This project is a course submission focused on applying Natural Language Processing (NLP) and Deep Learning techniques to predict stock price movements based on sentiment analysis from financial news headlines.
To build a deep learning model that incorporates sentiment signals from textual data (e.g., financial news, tweets) and numerical stock features to forecast stock price trends with improved predictive power.

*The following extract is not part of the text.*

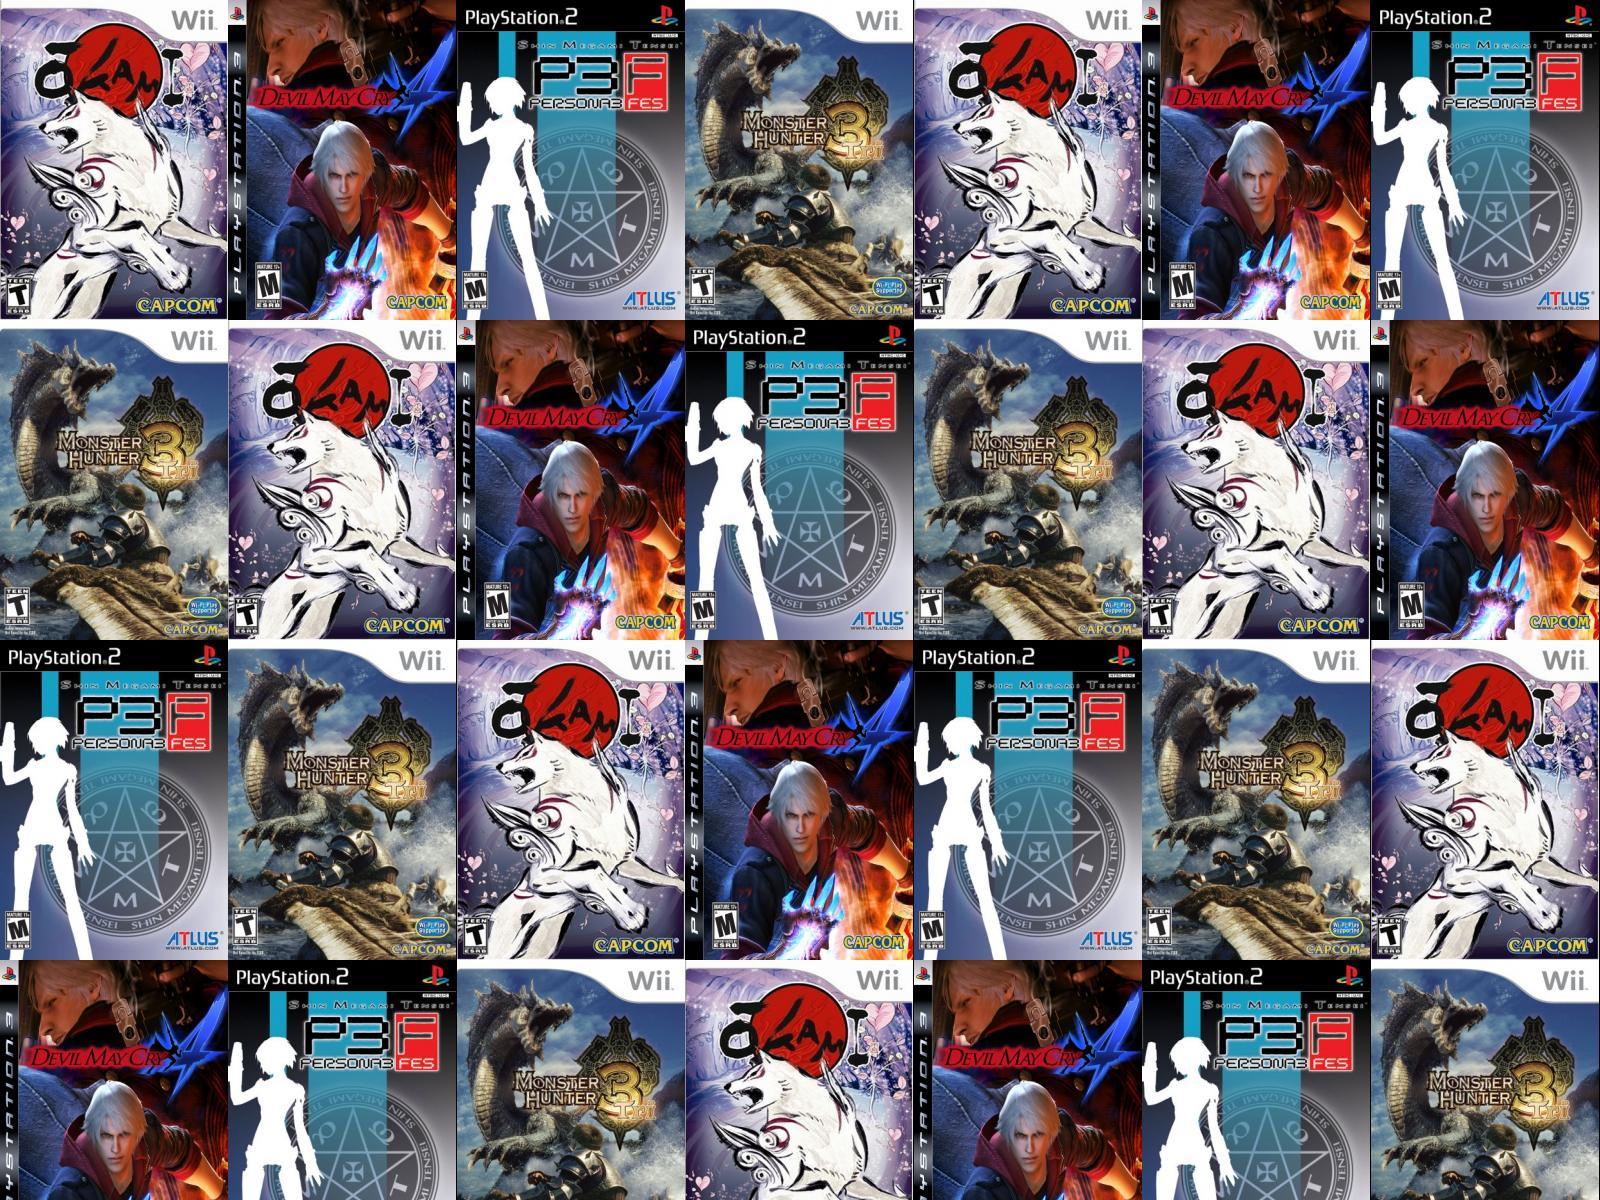 Okami Devil May Cry 4 Persona 3 FES Wallpaper Tiled Desktop

Financial markets are heavily influenced by public sentiment, especially in the short term. Traditional quantitative models often neglect this textual component. This project bridges that gap by integrating sentiment analysis with deep learning to enhance stock movement forecasting.
-
Text Preprocessing: Tokenization, stopword removal, and padding
-
Sentiment Analysis: Using labeled news headlines as input
-
Deep Learning Models:
- Bidirectional LSTM
- CNN-LSTM hybrid
- Word2Vec and GloVe embeddings
-
Evaluation Metrics: Accuracy, Precision, Recall, F1-score
-
Data Handling: Manual labeling, preprocessing with NLTK, scikit-learn
DL_Course-Project/
│
├── data/ # Contains labeled financial news data
│ ├── FinancialData.csv
│ └── preprocessed/ # Cleaned and vectorized text data
│
├── models/ # DL models used in experiments
│ ├── lstm_model.py
│ ├── cnn_lstm_model.py
│ └── utils.py # Shared utilities for tokenization, embedding etc.
│
├── notebooks/ # Jupyter notebooks for EDA and training logs
│ └── Sentiment_Analysis_Stock.ipynb
│
├── results/ # Accuracy graphs, confusion matrix, etc.
│
├── requirements.txt # Python dependencies
├── train.py # Main training pipeline
└── README.md # You're reading it!
A custom dataset comprising financial news headlines with manually assigned sentiment labels (positive
, negative
, neutral
). Some examples were augmented with synthetic variations to improve class balance.
-
Clone the repository:
git clone https://github.com/premdev1234/DL_Course-Project.git cd DL_Course-Project
-
Install requirements:
pip install -r requirements.txt
-
Train the model:
python train.py --model lstm --epochs 20
-
Visualize results: Open the Jupyter notebook in the
notebooks/
directory to explore results interactively.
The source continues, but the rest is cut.